I’m Willie Meikle, and I’ve been writing horror for more than 30 years now.
Not just horror. I’ve written horror, fantasy, science fiction, crime, westerns and thrillers. Plus the subgenres, like ghost stories, occult detectives, creature features, sword and sorcery etc. I don’t really think of them as being different. It’s all adventure fiction for boys who’ve grown up, but stayed boys. Like me.
I’ve always written what I want to write and then looked for someone to send it to. Chasing trends is difficult given the lag time, for what might be a trend when you start writing a novel can easily have blown itself out by the time you get yours in front of a publisher. A novel can take years from inception through writing, submitting, acceptance, editing, more editing and then, eventually publishing. Anticipating a trend that far in advance is something publishers try to do — but as a writer I think it’s counter productive.
As a creator, when I started writing, more than 30 years ago now, there was Horror, Fantasy and Science Fiction. You knew where you were back then, with rigidly defined rules of doubt and uncertainty. Sure, there was some market fracturing – ghost story markets didn’t like to think of themselves as horror for example, but as a rule everybody knew where they were and writers knew where to try to fit their work, for the most part.

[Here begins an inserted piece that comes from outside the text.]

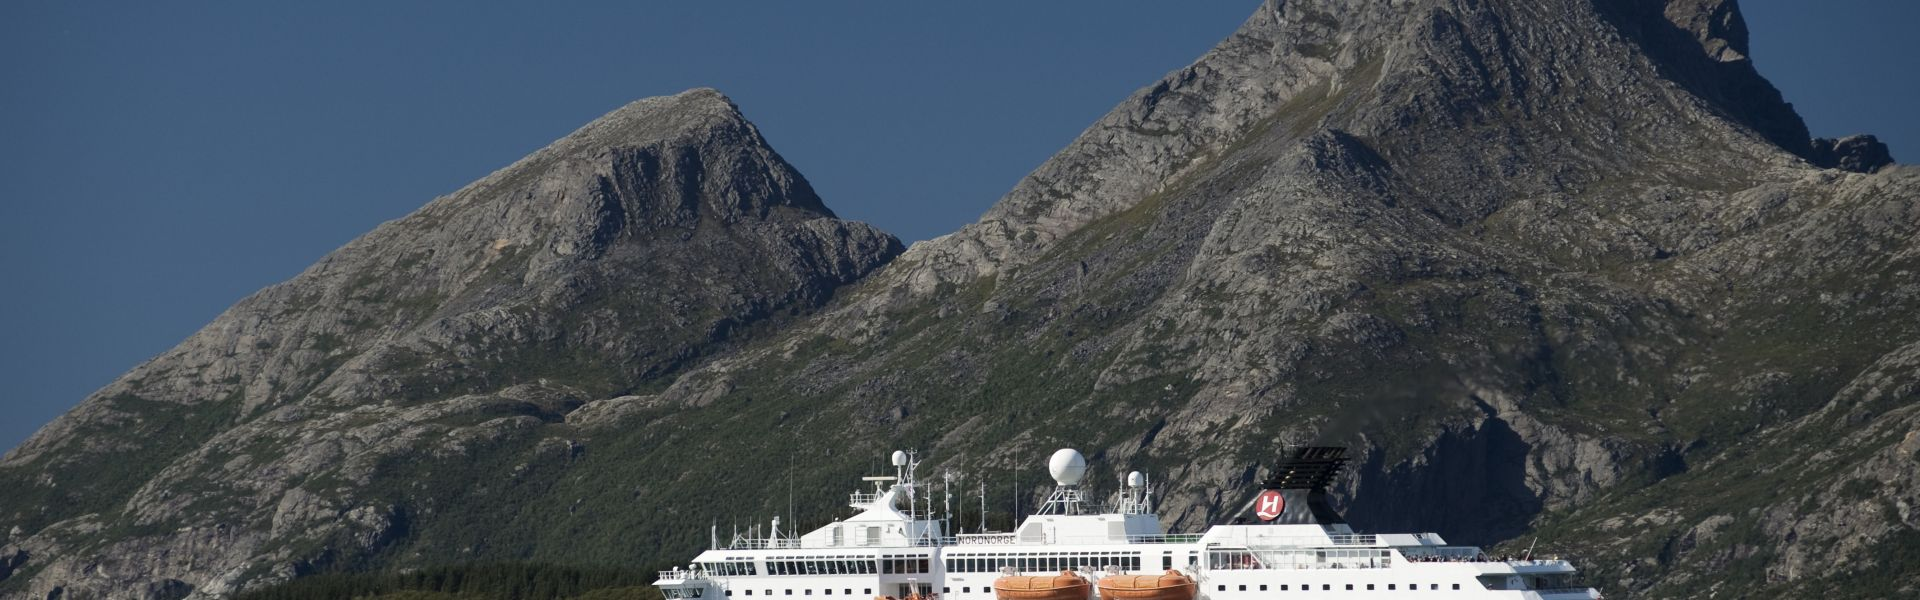 Croaziera 2017 - Scandinavia si Fiordurile Norvegiene (Bergen) - Hurtigruten - MS Nordnorge - 11 nopti

So I wrote – I wrote horror stories, fantasy stories and some science fiction and, for the most part, found homes for them in side-stapled A5 small press booklets that varied rather a lot in quality.
By the start of the new century that quality was improving markedly – markets became glossier, more assured, helped in no small means by the rise in sophistication of PCs, software and the WWW. And still I wrote, and I started selling to better paying markets, but I also started seeing something happen. With the rise of numbers of people online, and people actually talking to other people who shared their interests, markets started to fracture. We’d already had splatterpunk and slipstream but now we started to get steampunk, paranormal and urban fantasy, dark fantasy, epic fantasy, paranormal romance and all manner of other things that used to be classed as horror but were now something else.
This shift was also reflected in the bookstores in the UK – previously, if you wanted horror, you went to the horror shelf and found King, Koontz, Herbert, Rice, sometimes Campbell, often Laymon, and, if you were lucky, the newer UK guys like Clark, Laws and Gallagher. But slowly, that too changed. Even before vampires started to sparkle the field was fracturing, with slashers and serial killers muscling their way in. And the paranormal romance field was growing. Horror as such started to fade into the background as the fractures grew wider.
Back in the writers market itself, the fractures were growing huge and there were now a dizzying field of places to choose to place your work- and more predators to beware of, all too willing to fleece writers of rights, time and anything else they could get for free. As for myself, I started to spot not just a horizontal stratification into diverse markets, but a vertical one in the type of markets. Even as avenues for mass market paperbacks started to fade away, so Ebooks came along, and audiobooks, graphic novels, and quality high end limited edition hardcovers. Niche markets started to specialize in niche delivery methods – and I started to get openings for my own work that hadn’t been there before.
Which brings us to where we are now. Horror is a fractured market of die hard horror fans of the old school, gore fiends, steampunkers, urban fantasists, dark fantasists, old weird, new weird, just plain weird, pulp, literary and uncle Tom Cobbley and all. Some writers fit into one and prosper, Others, like me, peck away at a variety of them. Mostly, there are far more opportunities now, but they are harder to find. Finding them is also a lesson in just how far the fracturing has gone, for it only takes a few clicks of a mouse to find yourself in the steamy forests of Bigfoot or Dinosaur porn. Or both.
I’ve been lucky to find several niches in different markets, both horizontal and vertical and I’m living proof that you don’t need an agent to be a full time writer. You also don’t need to be published by the big five.
I went full time back in 2007 when we came here to Newfoundland from Scotland. Up front, I’ll reveal a plus in my favour was always that we arrived with enough cash from the house sale back in the UK to buy a property outright here, so we’ve been mortgage free during my full time writing. Which helps considerably.
I’m proud that I’ve managed to support both my wife and myself over fifteen years now.
I make my money in a variety of ways.
– I traditionally publish novels and novellas in genre small presses that publish ebooks, paperbacks and audiobooks
– I have had boutique story collections in presses that deal with high end collector limited editions
– I place stories in pro-rate paying magazines and anthologies
– I self-publish out of print material of mine from over the years and the occasional new piece, mostly novellas
– I have, on occasion, ghost written books for up front cash
– I’ve recently started making inroads in Germany, with eight novels in print there now and a bunch more coming.
So there’s no single massive income stream, but it all adds up, in particular these days from the success of the S-Squad series.
So here I am, thirty odd years on, not quite a horror author anymore and somewhat adrift for lack of a label. I can’t exactly say what I am apart from a writer. But as long as there are niche markets out there for me to exploit, I guess I’m happy with that.